Data & Platform

Data & Platform

Pipelines, vector stores, governance, and privacy-first data design.

Principles

Product over plumbing: data exists to drive outcomes, not just pipelines.
Privacy by design: minimize, anonymize, and purpose-bind from day one.
Contracts everywhere: typed schemas, versioned datasets, testable SLAs.
Observability built-in: lineage, quality, and cost are first-class signals.

Pipelines

Ingest: CDC/stream + batch; define source truth and retain raw, append-only.
Transform: ELT with SQL-first models (dbt-style) + Python where needed.
Serve: marts per domain (analytics), feature store (ML), and APIs for apps.
SLOs: freshness, completeness, and schema-stability with alerts.

Vector Stores (for RAG/Similarity)

Indexing: choose HNSW/IVF/ScaNN per workload; store embedding, text, metadata, source_id, timestamp.
Hybrid: vector + BM25; re-rank with cross-encoder; keep doc chunk boundaries.
Lifecycle: TTL for stale docs; re-embed on model change via backfill jobs.
Governance: access tags/row-level filters; immutable source links for citations.

Data Modeling & Governance

Layers: raw (immutable) → staging (cleaned) → curated (modeled) → marts.
Schemas: JSON/Avro/Parquet with evolution rules; semantic layer for metrics.
Ownership: domains own models + SLAs; platform provides tooling + guardrails.
Catalog: searchable glossary, data contracts, lineage graphs, usage stats.

Privacy & Compliance

Minimization: collect only what’s needed; drop sensitive columns at the edge.
Pseudonymization: salted hashes; tokenization for joins; reversible keys vaulted.
Differential privacy: bins + noise where aggregate reporting is enough.
Policy-as-code: purpose-binding, consent flags, retention TTLs, subject request tooling.

Data Quality & Lineage

Checks: schema, null %, range, uniqueness, referential integrity; block bad publishes.
Lineage: column-level where possible; impact analysis before merges.
Drift: monitor distribution shifts; canary new sources with backfills.

Security & Access

AuthZ: least privilege, row/column-level security, attribute-based access control.
Secrets: KMS + secrets manager; rotate; never in code or notebooks.
Encryption: TLS in transit; at-rest with per-tenant keys where feasible.

Platform & Orchestration

Sources → Ingest (CDC/Streams/Batch) → Lake/Warehouse

→ Transform (dbt/SQL + Py) → Semantic Layer

→ Serving (Marts/Feature Store/Vector DB/APIs)

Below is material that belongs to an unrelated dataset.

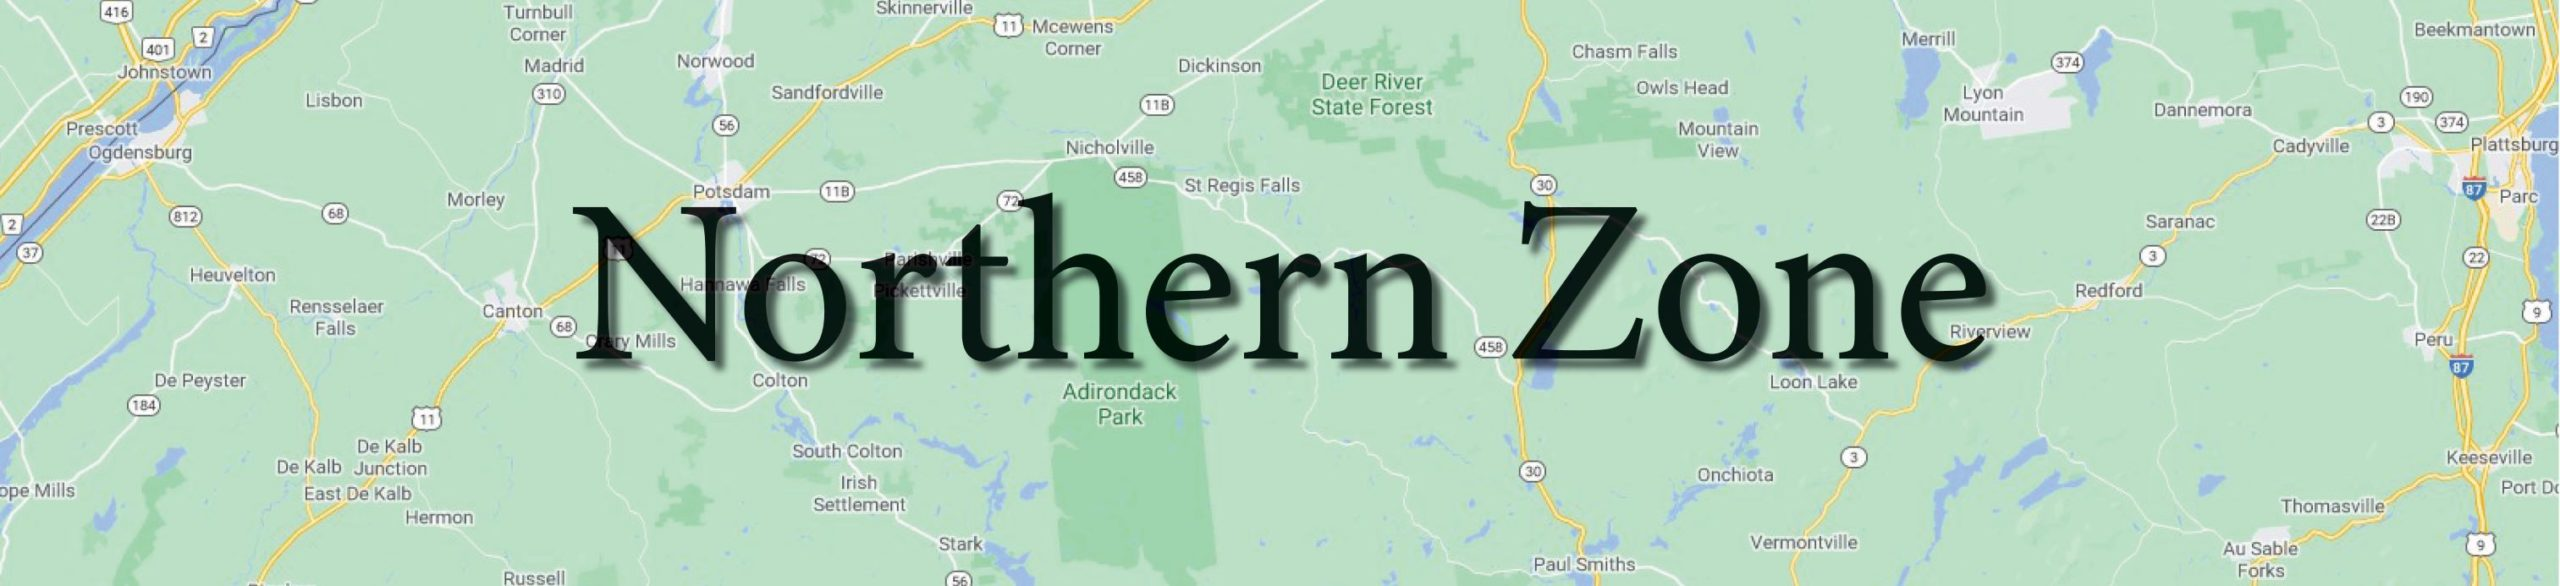 1920x440px Northern Zone

↔ Observability (lineage, quality, cost, usage)

Orchestrate: DAGs with retries/backoff; idempotent tasks; data-aware scheduling.
Envs: dev/stage/prod with promotion; reproducible containers; infra as code.

Cost & FinOps

Visibility: per-table and per-query cost; tag by team/product/feature.
Controls: partition/prune; materialize only hot sets; auto-vacuum/compaction.
Budgets: alert on spend drift; kill switches for runaway jobs.

Data SRE & Reliability

SLOs: freshness and availability by dataset; error budgets for change velocity.
Runbooks: on-call dashboards, replay steps, backfill patterns.
Incidents: clear severities; blameless postmortems with action items.

30-60-90 Day Ramp

30d: catalog + lineage on top 10 datasets; raw→staging→curated pattern; basic quality checks.
60d: semantic layer for key metrics; vector store wired to doc pipeline; dataset SLOs + alerts.
90d: privacy policy-as-code (retention, masking); per-team cost dashboards; replay/backfill tooling.